Penerimaan usahatani adalah perkalian antara produksi yang diperoleh dengan harga jual. Pendapatan adalah penerimaan dikurangi biaya produksi. Petani dalam memperoleh pendapatan yang tinggi maka petani harus mengupayakan penerimaan yang tinggi dan biaya produksi yang rendah. Jenis hasil yang pasarnya baik dan mengupayakan biaya produksi yang rendah dengan megatur

biaya produksi, menggunakan teknologi yang baik, mengupayakan harga input yang rendah, dan mengatur skala produksi yang efesien (Simajuntak, 2004). Untuk menganalisa layak atau tidak layaknya usahatani yang dijalankan oleh petani jeruk siam dapat dilihat melalui kriteria investasi. Beberapa kriteria yang sering digunakan dalam analisis kelayakan yaitu :

1. Net Present Value (NPV)

NPV sering diterjemahkan sebagai nilai bersih sekarang. NPV dari suatu proyek atau usaha merupakan nilai sekarang (present value) dari selisih antara benefit (manfaat) dengan cost (biaya) pada discount rate tertentu. NPV merupakan kelebihan benefit (manfaat) dibandingkan dengan cost/biaya. NPV adalah kriteria investasi yang banyak digunakan untuk mengukur apakah proyek fleksible atau tidak (Soekartawi, 1995).

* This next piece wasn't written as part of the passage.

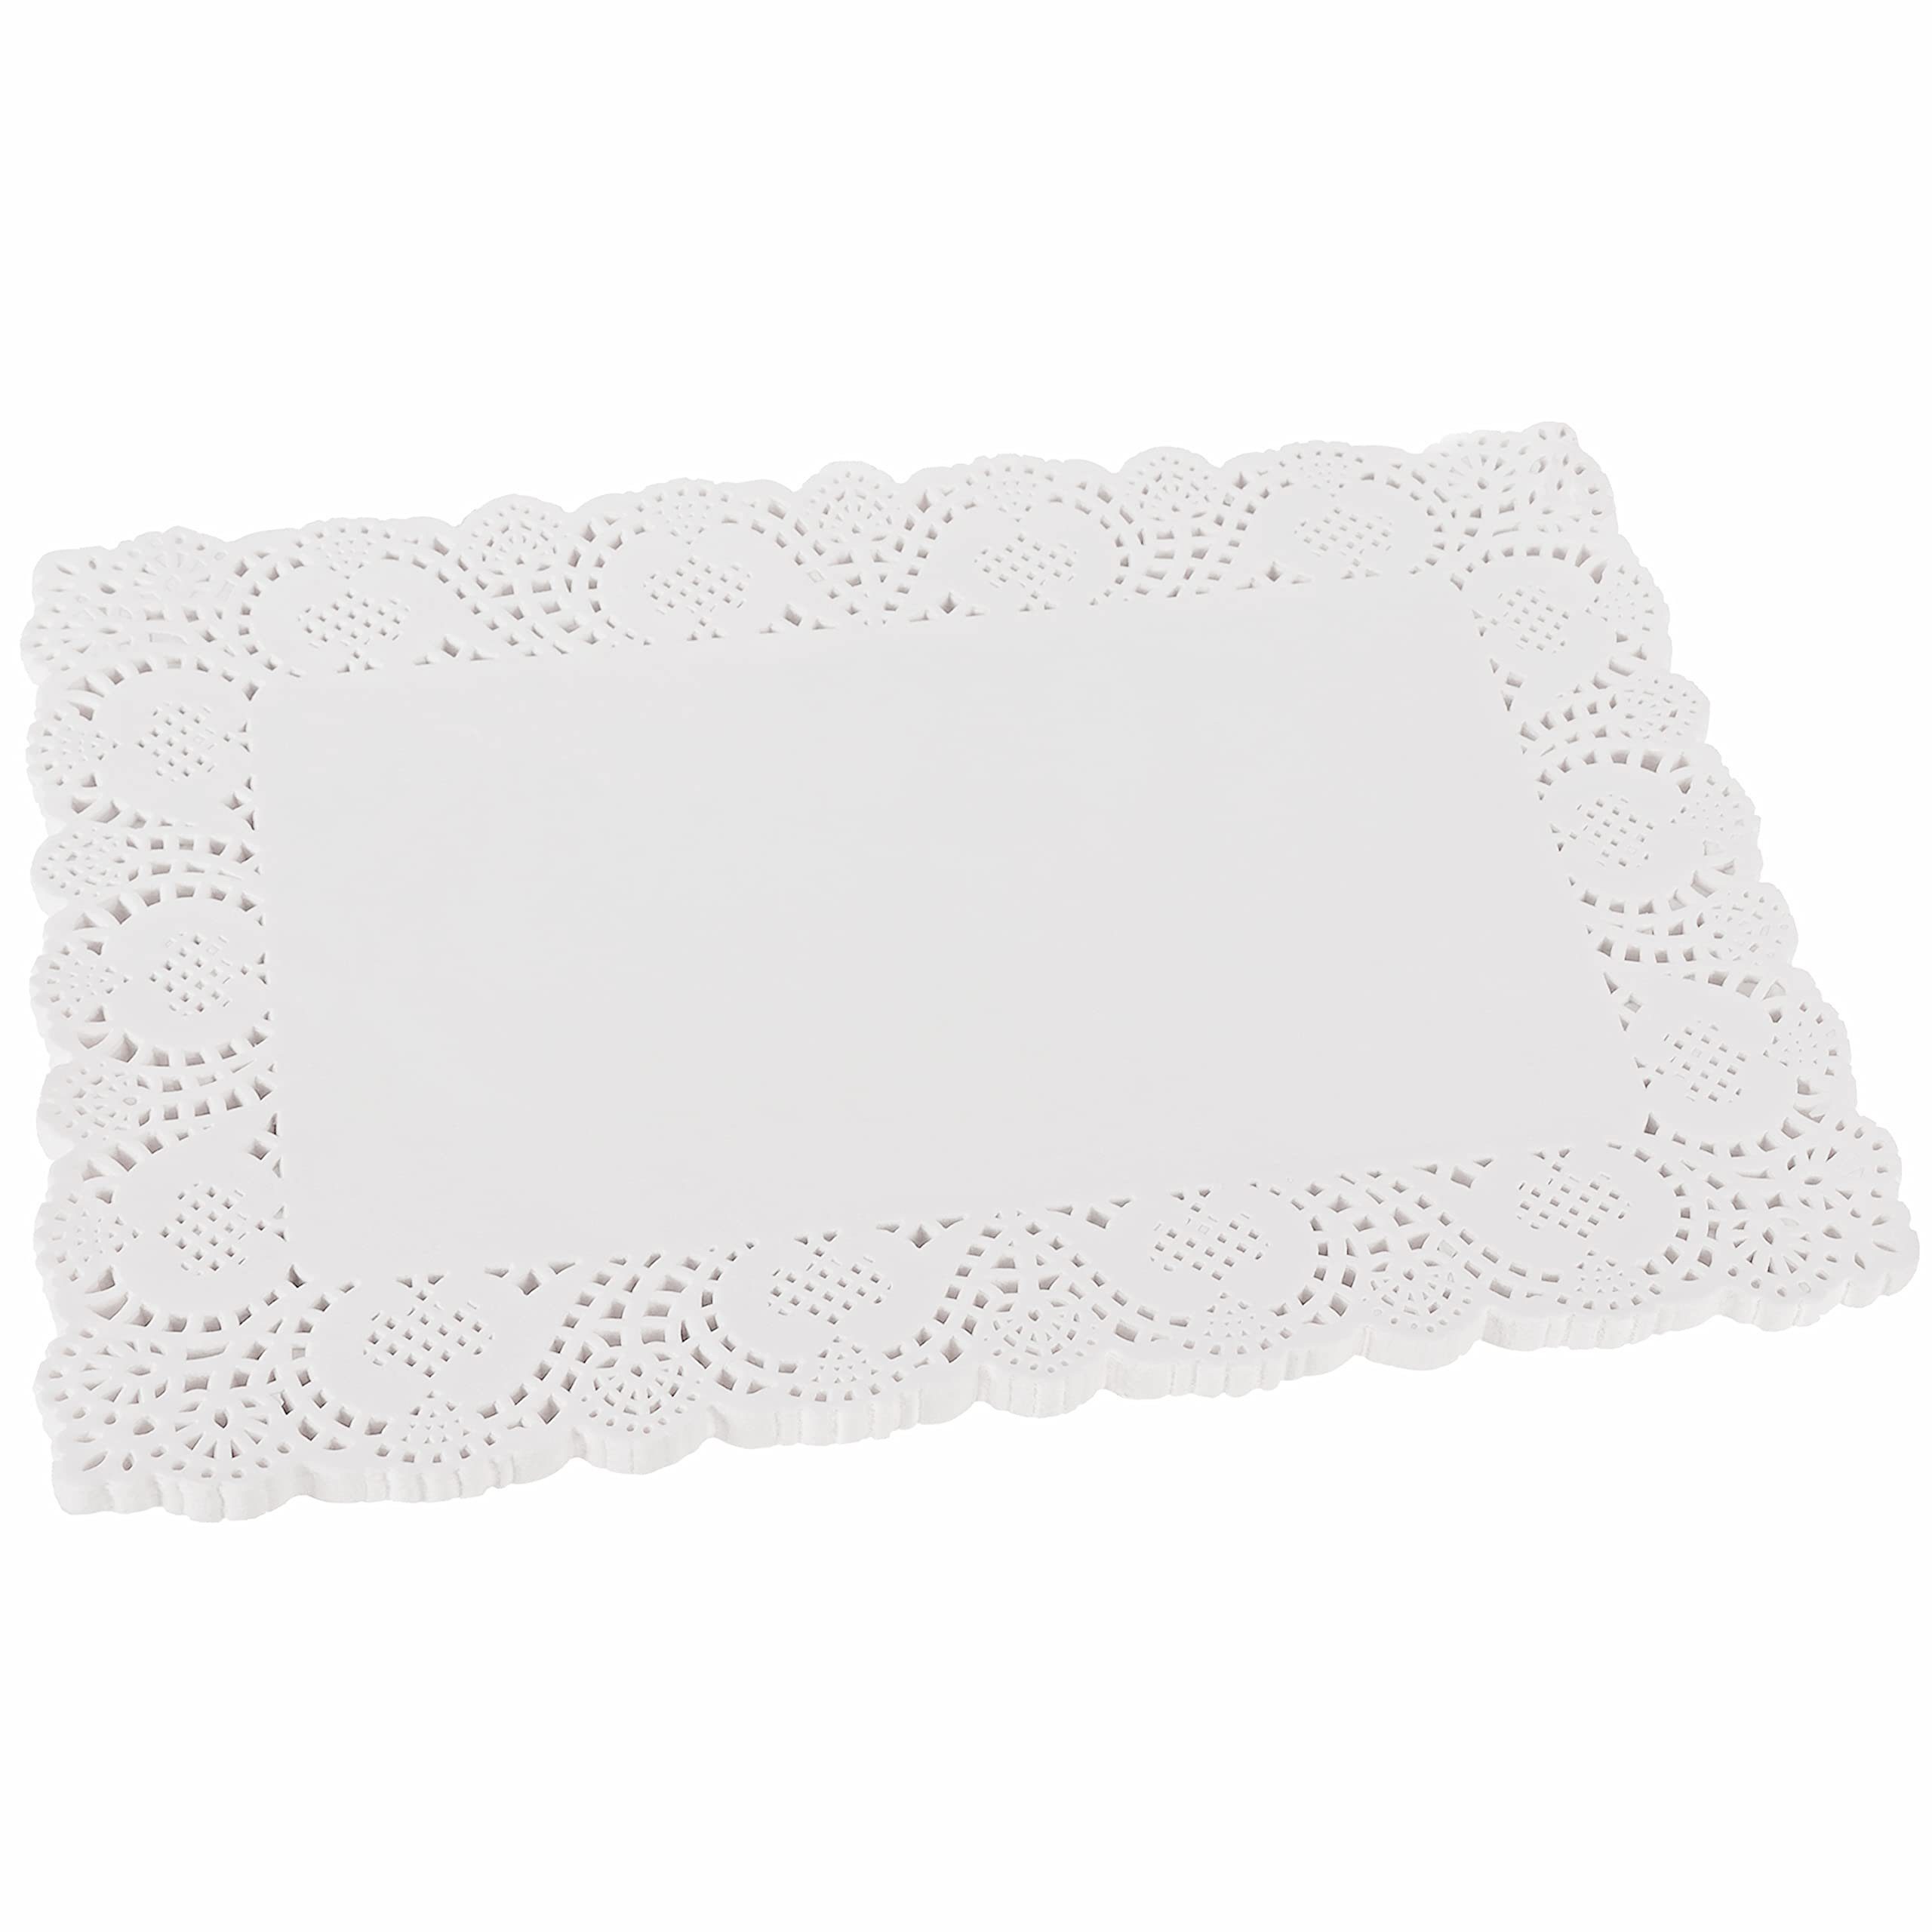 Belle Vous Aquarellpapier White Lace Paper Cake Base 100pcs 36.5x26cm Wedding Cake Decor, White Lace Paper Cake Base 100pcs 36.5x26cm Wedding Cake Decoration

2. Internal Rate of Return (IRR)

IRR merupakan sebuah tingkat pengembalian yang dinyatakan dalam persen yang identik dengan ongkos investasi. Dapat disebut pula sebagai nilai discount rate (i) yang membuat NPV dari suatu proyek sama dengan nol. IRR merupakan tingkat keuntungan bersih atas investasi, dimana benefit bersih yang postif ditanam kembali pada tahun berikutnya dan mendapatkan tingkat i yang sama yang diberi berbunga selama sisa umur proyek. Jadi bila IRR > discount factor proyek dikatakan layak, dan sebaliknya IRR < discount factor proyek dikatakan tidak layak (Prawirokusumo, 1990).

3. Net Benefit Cost Ratio (Benefit B/C)

Net B/C adalah perbandingan antara jumlah NPV positif dengan jumlah NPV negatif. Net B/C ini menunjukkan gambaran berapa kali lipat manfaat (benefit)

yang diperoleh dari biaya (cost) yang dikeluarkan. Apabila net B/C > 1, maka proyek atau gagasan usaha yang akan didirikan layak untuk dilaksanakan. Demikian pula sebaliknya, apabila net B/C < 1, maka proyek atau gagasan usaha yang akan didirikan tidak layak untuk dilaksanakan (Soekartawi, 1995).